In a little-known article published in 1970 entitled “The Small Town Plaza: What Life Is All About,” Bradbury puts it simply:

Gathering and staring is one of the great pastimes in the countries of the world. But not in Los Angeles. We have forgotten how to gather. So we have forgotten how to stare.

And we forgot not because we wanted to, but because, by fluke or plan, we were pushed off the familiar sidewalks or banned from the old       places. Change crept up on us as we slept. We are lemmings in slow motion now, with nowhere to go.

Bradbury lived in Los Angeles from adolescence and in his article laments the fact that the city has sacrificed its gathering places (its squares, candy stores, malt shops and bookstores) in favor of the cult of the automobile. So we climb in our cars. We drive … and drive … and drive … and come home blind with exhaustion. We have seen nothing, nor have we been seen. And he asks, how did we lose it all? How can we bring it back?

He goes on to describe, step by step, what he would do to restore life to the Californian city that has lost itself in its highways. His model is based on a huge urban block, in the form of a square, that offers a gathering place for each nucleus of the population, where people can loiter, stroll, hang out or simply sit and stare. A plaza for the 80 or 90 towns that conform L.A

At the exact center: a round bandstand or stage.

Surrounding this, a huge conversation pit. Enough tables and chairs so that four hundred people can sit out under the stars drinking coffee or Cokes.

At the four corners of the block, four theaters. One for new films. A second for classic old pictures. A third to house live drama, one-act     plays, or, on occasion, lectures. The fourth theater would be a coffee house for rock-folk groups. Each theater would hold between three     hundred and five hundred people.

 The stores on the square, he says, would be:

 A pizza parlor. Malt shop. Delicatessen. Hamburger joint. Candy shop. Spaghetti cafe….

Bradbury also suggests a huge stationers, an ironmonger’s, an art materials store, a gallery, a record shop, a tobacconist and three bookstores.

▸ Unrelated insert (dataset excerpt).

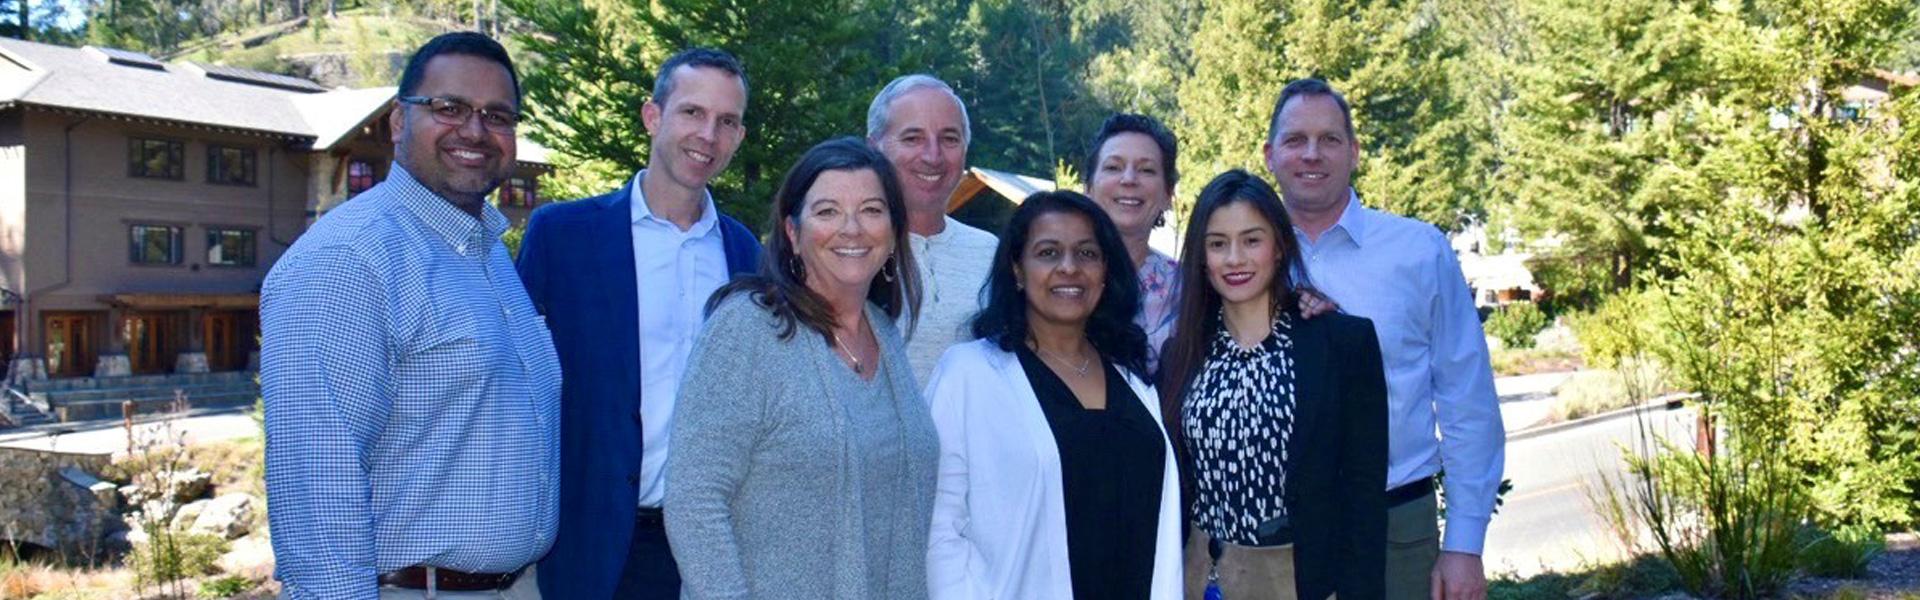 The 1440 Foundation Team
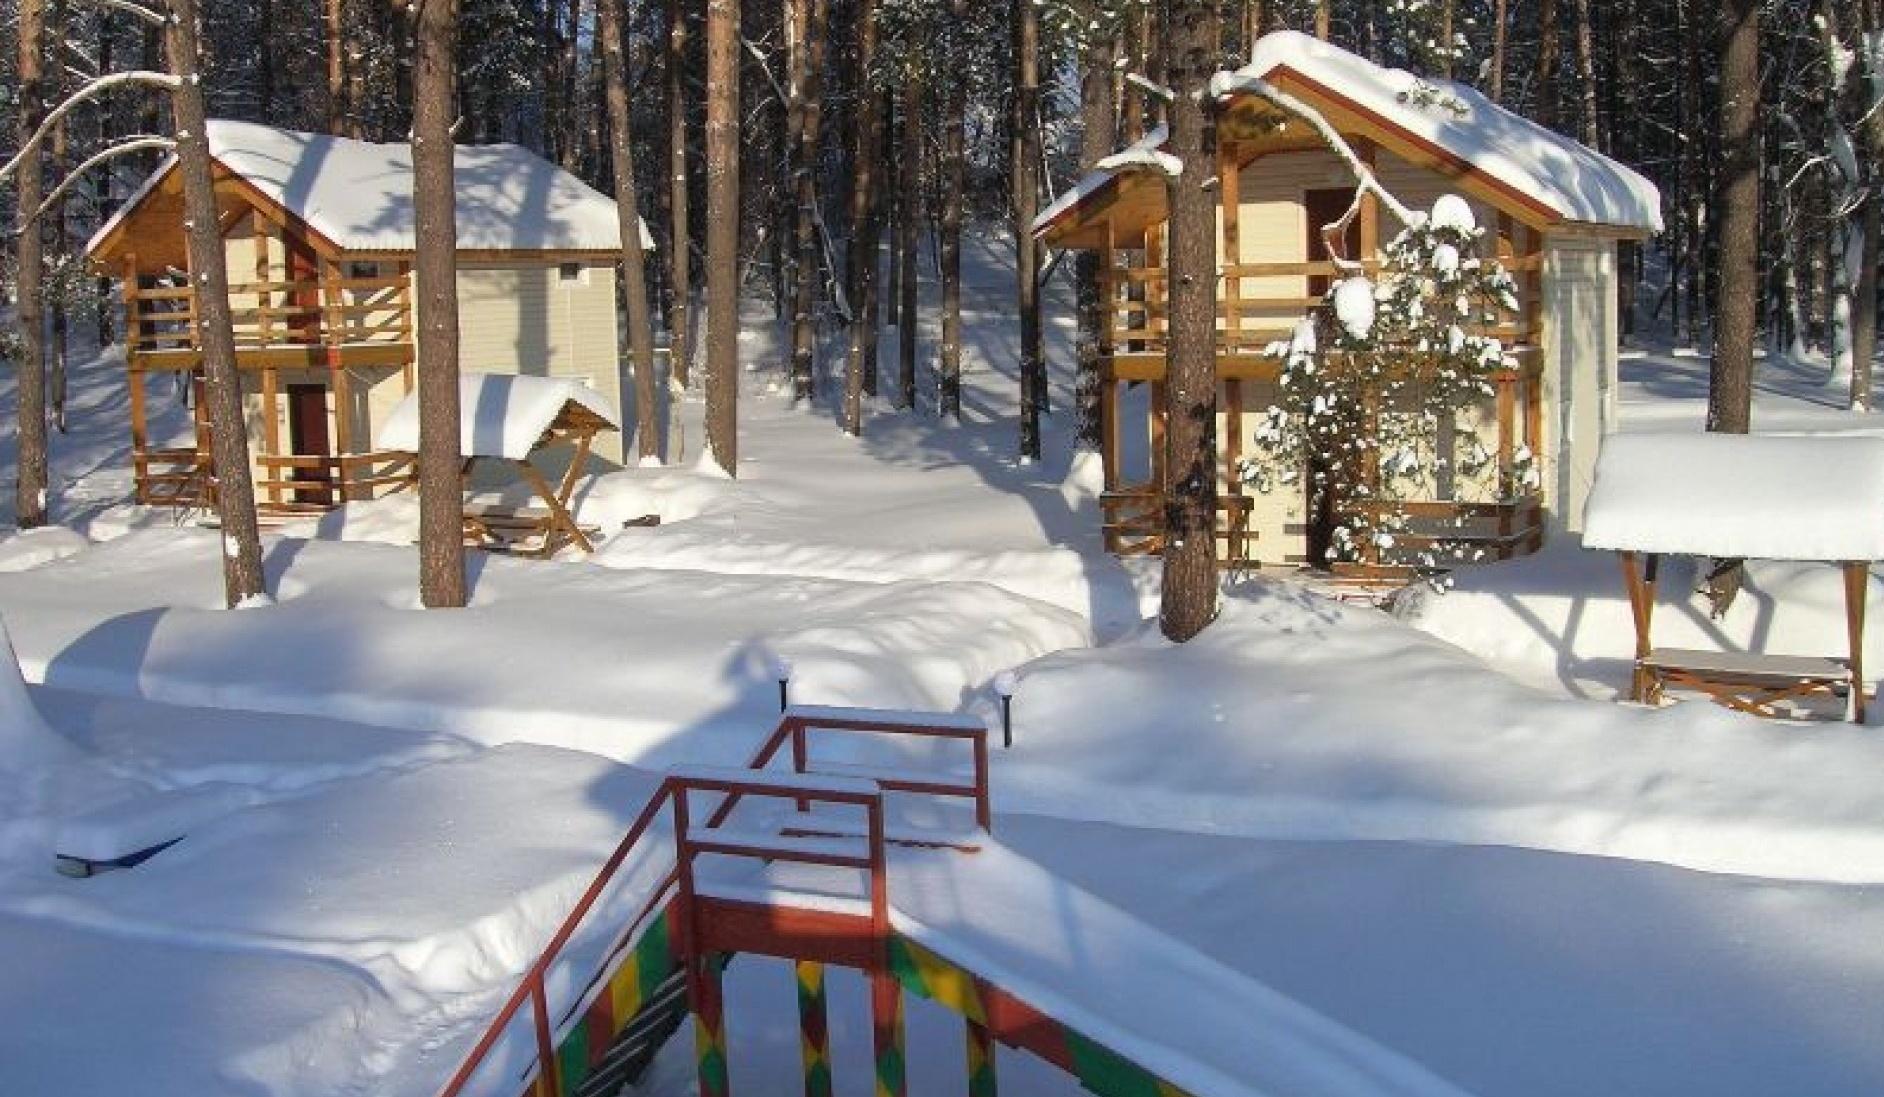 База отдыха «Лебяжье» Республика Татарстан, фото 15

One for hardcovers, one for paperbacks and the third to be an old and rare bookseller’s crypt, properly floundered in dust and half-light. This    last should have a real fire-hearth at its center where, on cool nights, six easy chairs could be drawn about for idling bookmen/students in séance with Byron’s ghost, bricked in by thousands of ancient and honorable tomes.

In the same way that he always used the hypothetical future as the source for his brilliance, here he uses the idyllic past, the simple past, to project the values that should be rescued before they disappear to the detriment of us all. One where simply eating an ice-cream or sitting on a bench and watching people pass by are the best ways of socializing and being emotionally healthy. His enthusiasm is so gentile that it makes him see everything so simply and it also reveals the implicit simplicity in a love for life, and that creativity only requires us to make lists.